Hanging oil lamps using a float-wick had long been employed for lighting both public and private spaces, but in Renaissance-Baroque Europe they were particularly popular with the Spanish, probably due to the influence of the Islamic Moorish culture. The assembled pair of silver and silvered brass oil lamps in the Dumbarton Oaks Music Room are typical of luxury sanctuary lamps made during the Spanish Baroque period. The conical-shaped reservoirs have been worked in the repoussé technique with C-curve cartouches, foliate friezes, gadrooning, and other popular Baroque motifs. The reservoirs are suspended from a double canopy by three chains attached to acanthus-leaf “arms” with granulated spines. Originally, tassels were suspended from the underside of the reservoirs.
In planning their Music Room, the Blisses originally wanted to minimize the presence of electrical lighting in the room.
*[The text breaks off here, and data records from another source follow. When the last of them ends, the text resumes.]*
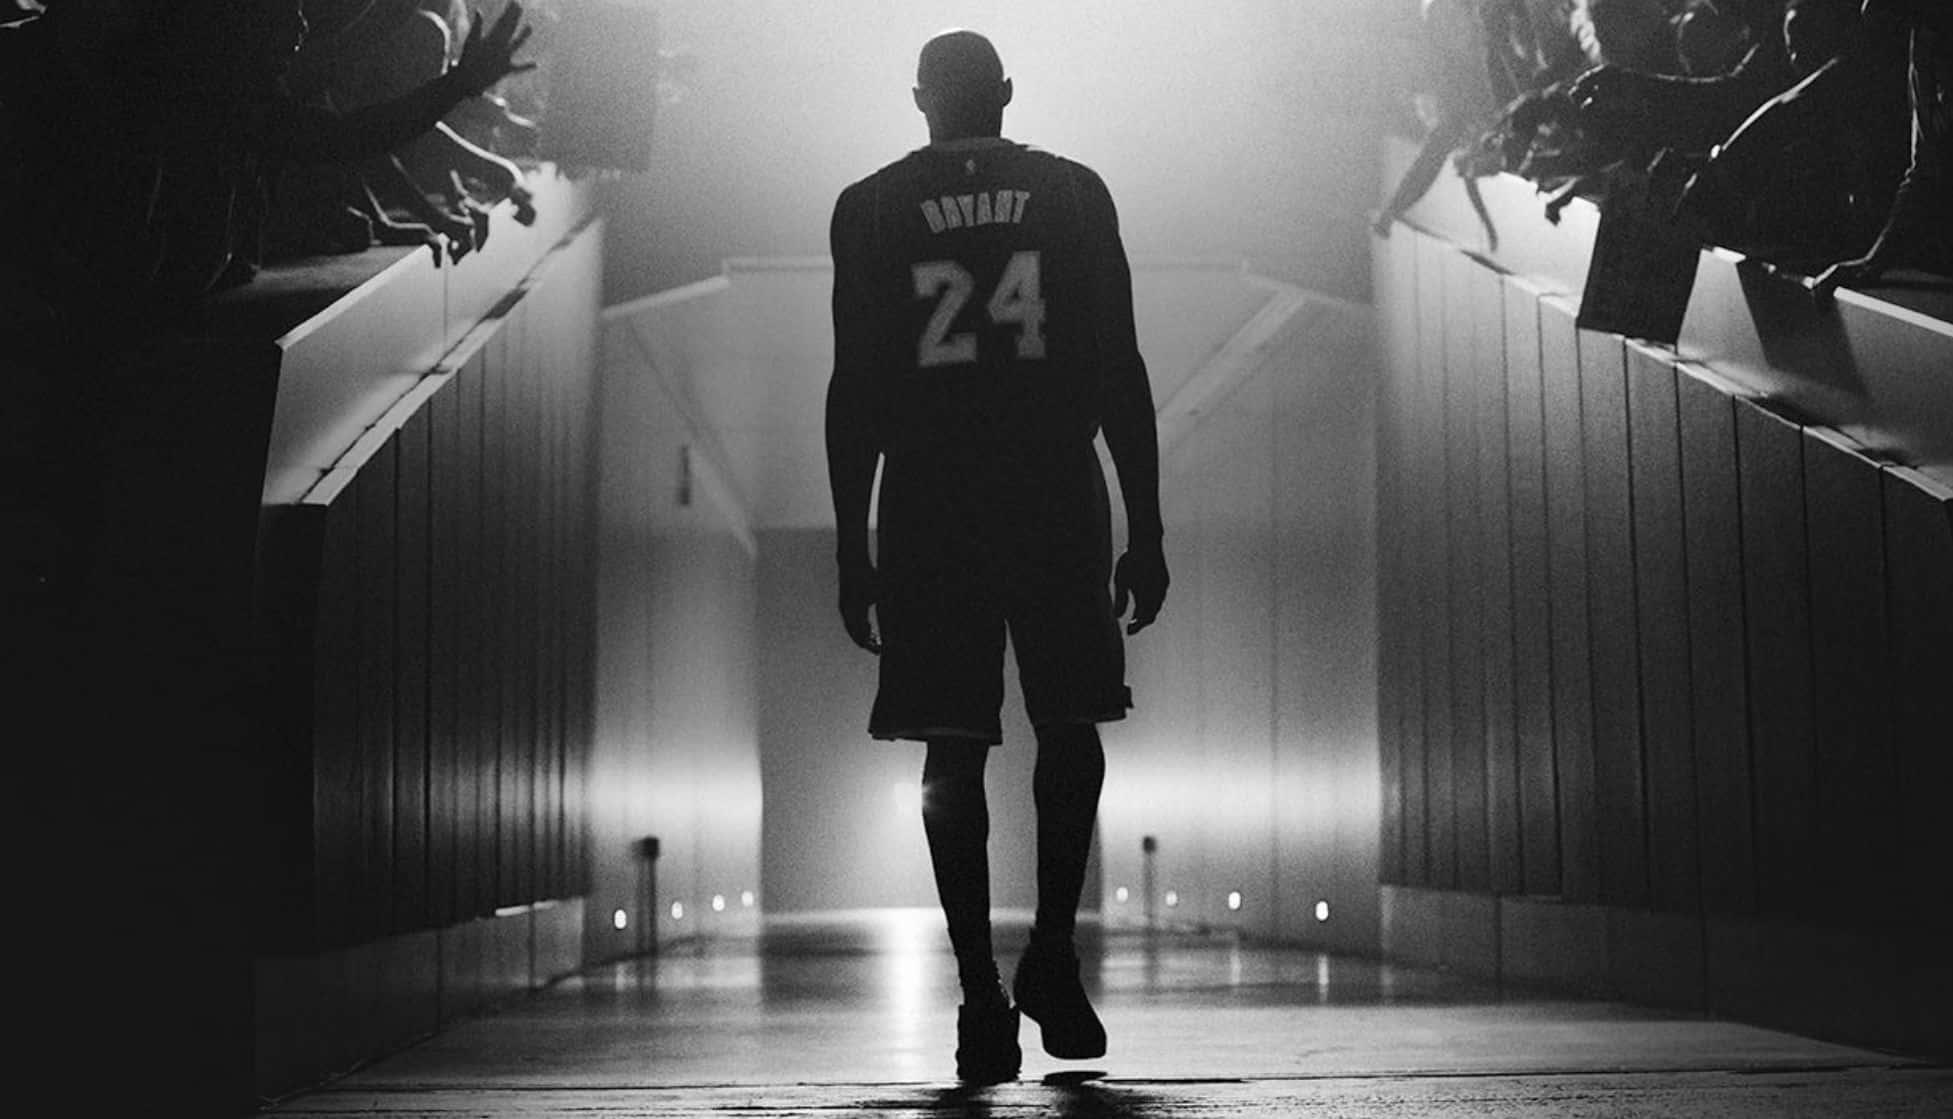 El 250 Ltimo Comercial De Nike Con Kobe Bryant Como Jugador
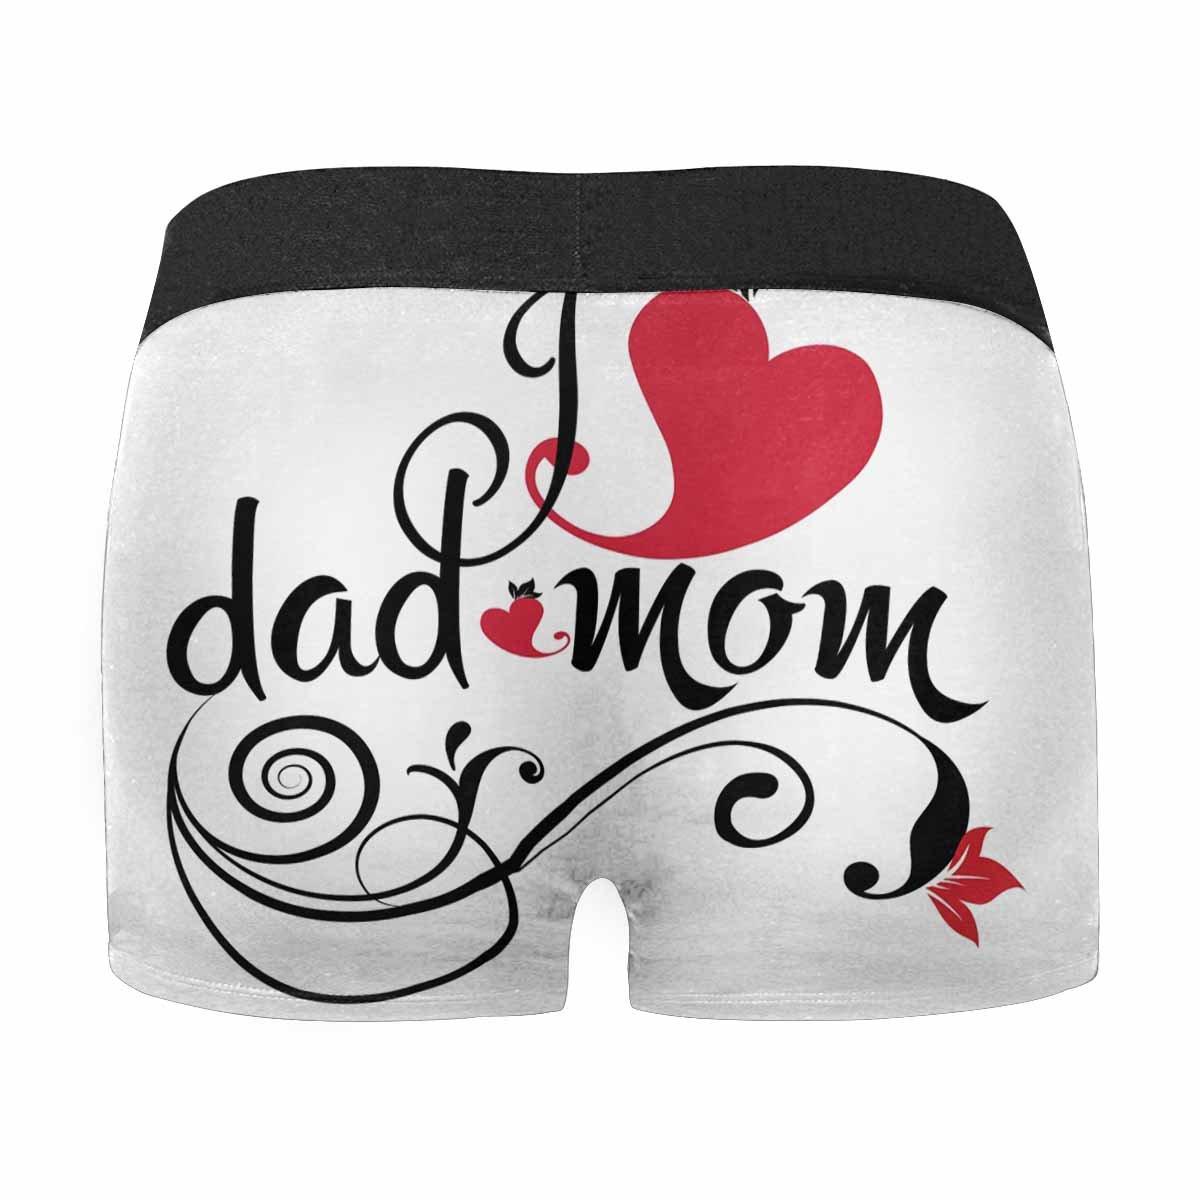 INTERESTPRINT Mens Boxer Briefs Underwear I Love Dad and Mom XS-3XL
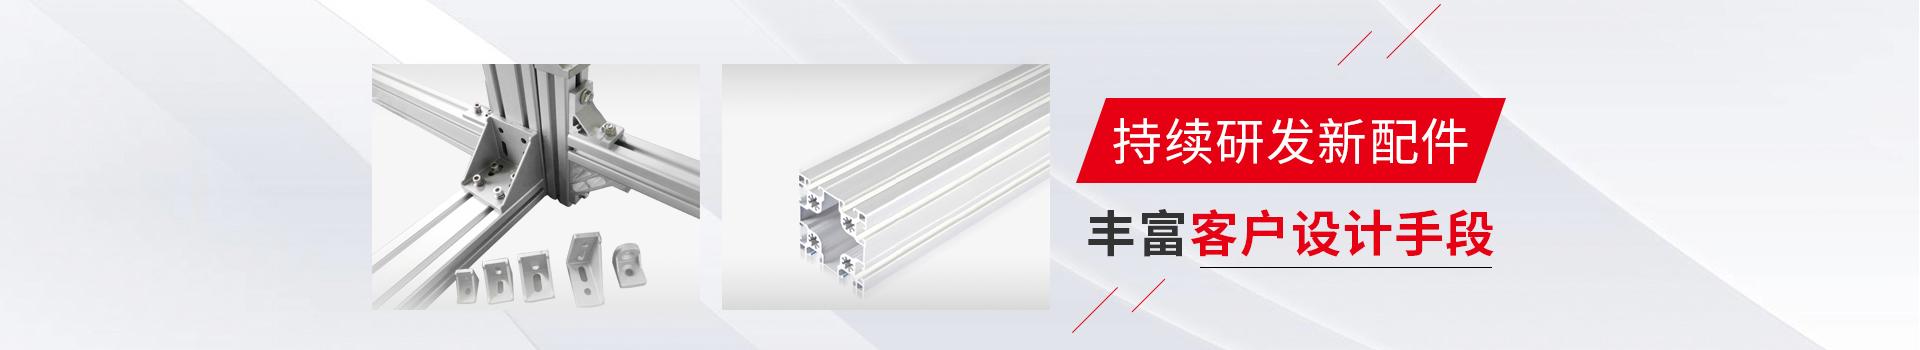 铝型材配件   持续研发新配件   丰富客户设计手段
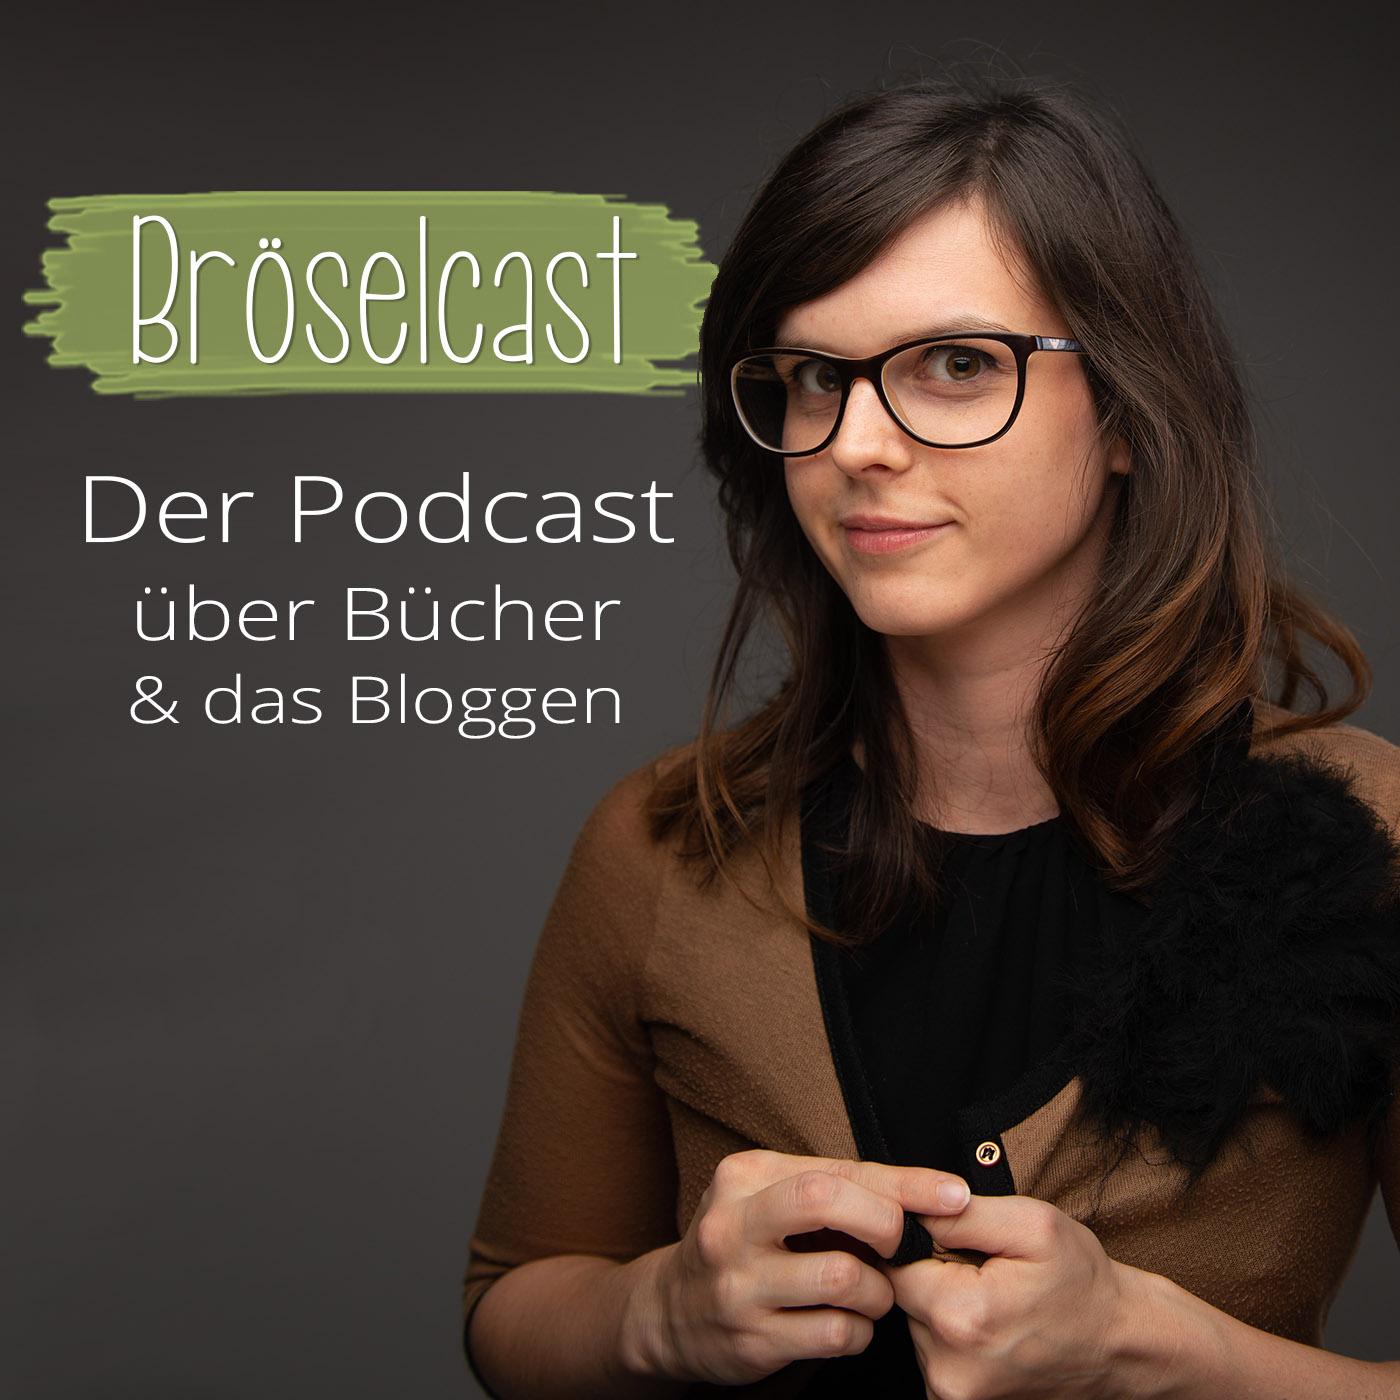 Bröselcast   Fränkischer Podcast über Bücher & das Bloggen

Robert Bliss had instructed their architect, Lawrence Grant White, “All things being equal, we do not want modern mechanical and structural details to intrude themselves on the impression of the whole, which we hope to make mellow and old-fashioned.” Nevertheless, White outfitted the Music Room ceiling with two electrical outlets and on 27 July 1928 wrote Robert Bliss: “I am concerned about the illumination of the ceiling in the Music Room. … From these new outlets, it will be possible to hang fixtures of the type of sanctuary lamps, which I think would look well in the room.” After taking up permanent residence at Dumbarton Oaks in 1933, the Blisses soon purchased the assembled pair of oil lamps through a New York City dealer, who claimed that they had been acquired from the Cathedral of Siguenza in Spain. The Blisses similarly used other electrified sanctuary lamps to illuminate hallways and staircases.
J. Carder
Bibliography
Bühl, Gudrun, editor. Dumbarton Oaks, The Collections. Washington, DC: Dumbarton Oaks Research Library and Collection (distributed by Harvard University Press), 2008, 346f, ill.
Acquisition History
Reportedly from Siguenza Cathedral, Spain;
Purchased from the dealer French & Co., New York, NY (inv. nos. 28311B and 34559b as Italian 16th Century), by Mildred Barnes and Robert Woods Bliss, December 8, 1933.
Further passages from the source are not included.